Can someone help me to understand where I'm wrong? I don't know why I get different volatility of each column...
This is an example of my code:
from math import sqrt
from numpy import around
from numpy.random import uniform
from pandas import DataFrame
from statistics import stdev
data = around(a=uniform(low=1.0, high=50.0, size=(500, 1)), decimals=3)
df = DataFrame(data=data, columns=['close'], dtype='float64')
df.loc[:, 'delta'] = df.loc[:, 'close'].pct_change().fillna(0).round(3)
volatility = []
for index in range(df.shape[0]):
if index < 90:
volatility.append(0)
else:
start = index - 90
stop = index + 1
volatility.append(stdev(df.loc[start:stop, 'delta']) * sqrt(252))

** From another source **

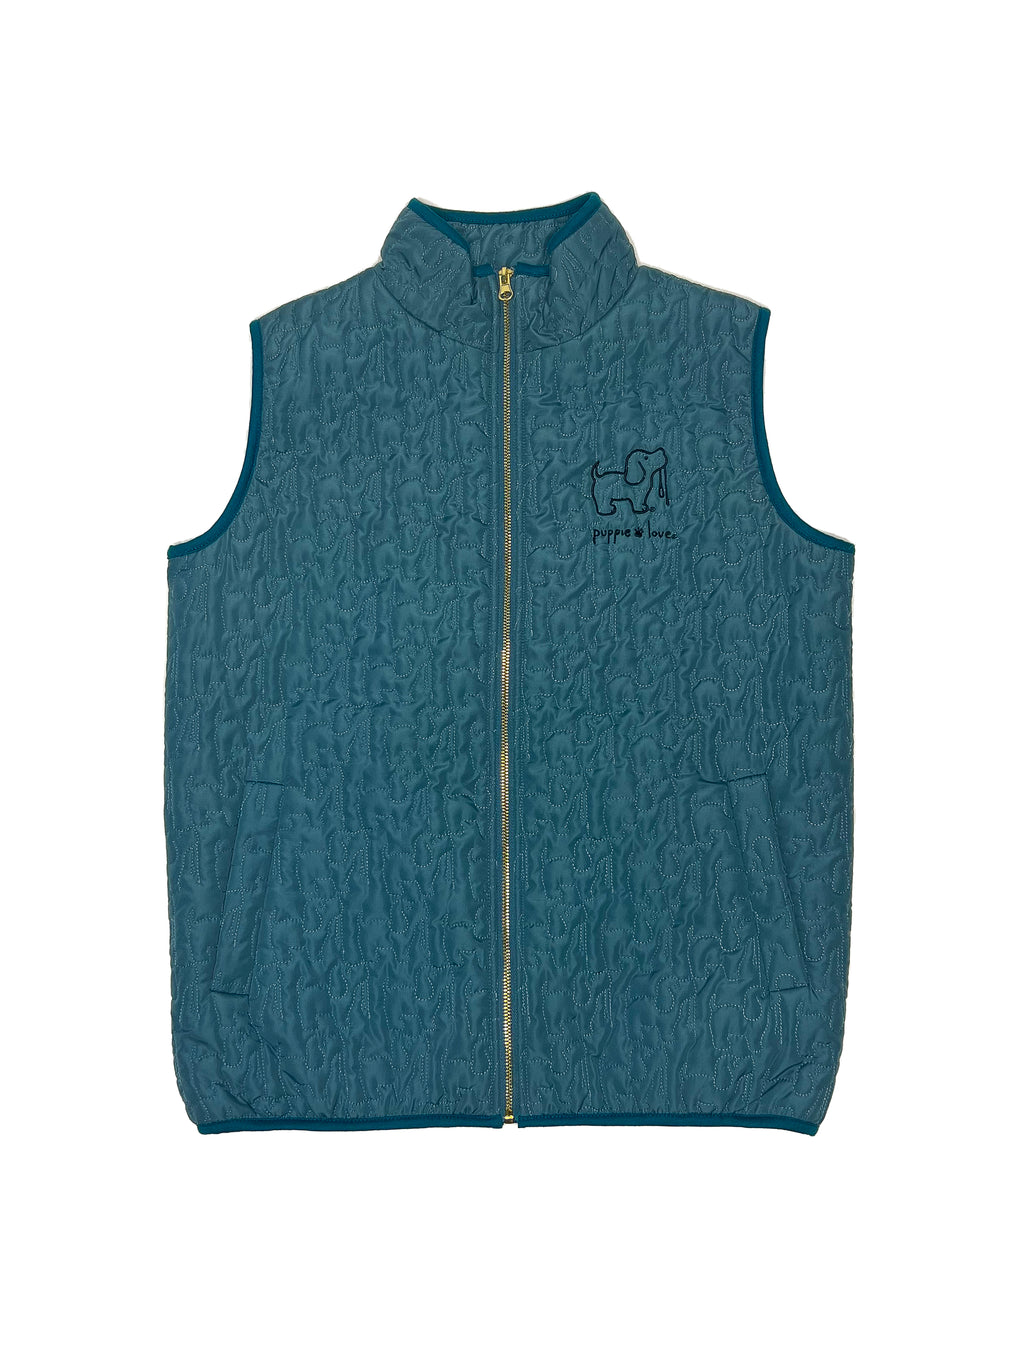 QUILTED VEST, TEAL - Puppie Love

df.loc[:, 'volatility1'] = volatility
df.loc[:, 'volatility2'] = df.loc[:, 'delta'].rolling(window=90).std(ddof=0) * sqrt(252)
print(df)
close delta volatility1 volatility2
0 10.099 0.000 0.000000 NaN
1 26.331 1.607 0.000000 NaN
2 32.361 0.229 0.000000 NaN
3 2.068 -0.936 0.000000 NaN
4 36.241 16.525 0.000000 NaN
.. ... ... ... ...
495 48.015 -0.029 46.078037 46.132943
496 6.988 -0.854 46.036210 46.178820
497 23.331 2.339 46.003184 45.837245
498 25.551 0.095 45.608260 45.792188
499 46.248 0.810 45.793012 45.769787
[500 rows x 4 columns]
Thanks you so much!
There are three small changes needed. Added comments inline. 89 is needed since endpoint inclusive (unlike a lot of other python stuff). ddof=1
is needed because stdev uses this by default. This article talks about numpy std instead of stdev but the theory of what ddof is doing is still the same.
Also, in the future, try changing size to something like 95. You don't need the other 405 rows when debugging and it is nice to see the changeover from 0/NaN to actual volatility to see you need 89 not 90.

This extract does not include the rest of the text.